Wielbiciele Pratchetta i tak nie przegapią tomiku, ale owi nie znający Dysku i pozostałych powieści… cóż, myślę że mogą sięgnąć, by liznąć, spróbować, zobaczyć jak to wszystko się kręci!!!
Turyści mnie przerażają. Pratchett poświęcił im nawet pewien tom, dwa tomy, pewną jednostkę zwaną Bagażem… i naprawdę powalającą, dosłownie opisującą ów gatunek człekokształtnego. Bo coś się dzieje z ludźmi na tzw. wakacjach. Na owym wywczasie. Puszczają hamulce, ale też nagle trzeba mieć najlepsze zdjęcia, najwięcej przejechanych kilometrów i najgłębsze doznania!
… więc nie do końca znaczy to wypoczynek i poznanie nowego…

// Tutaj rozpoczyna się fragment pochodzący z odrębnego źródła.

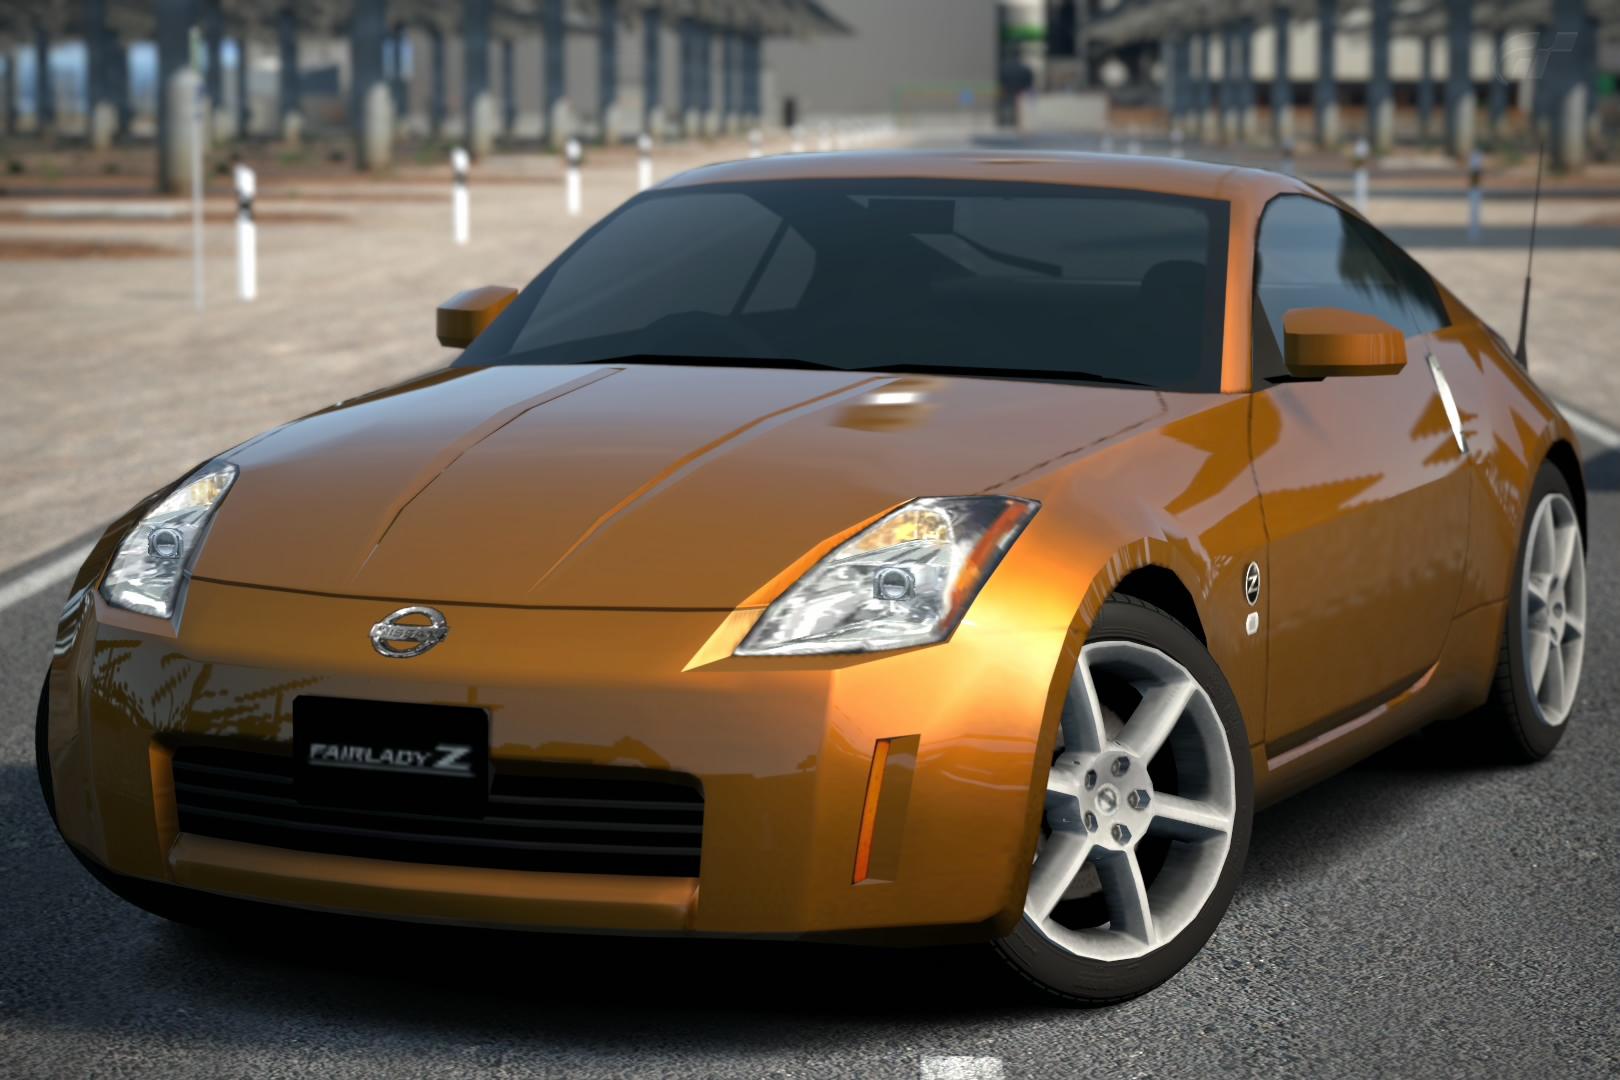 Nissan Fairlady Z Version S Z33 02 Gran Turismo Wiki

Z wysokości pojazdu, bo to ten rower taki zdrowy, to takie modne, ot turystyka, aktywny wypoczynek… a pączek w bagażniku, no przecież jeść trzeba… patrzą na innych inaczej. Jakby nie docierało do nich, że nie wjadą pod prysznic, do myjni samochodowej ich nie wpuszczą, a i wysikać się trzeba bez rowerka!!!
Nawet gdy schodzą, w owych obcisłych, trendy wdziankach widać, że są z innej planety. A ty na tych nogach, osz ależ ty jesteś PASSE!!!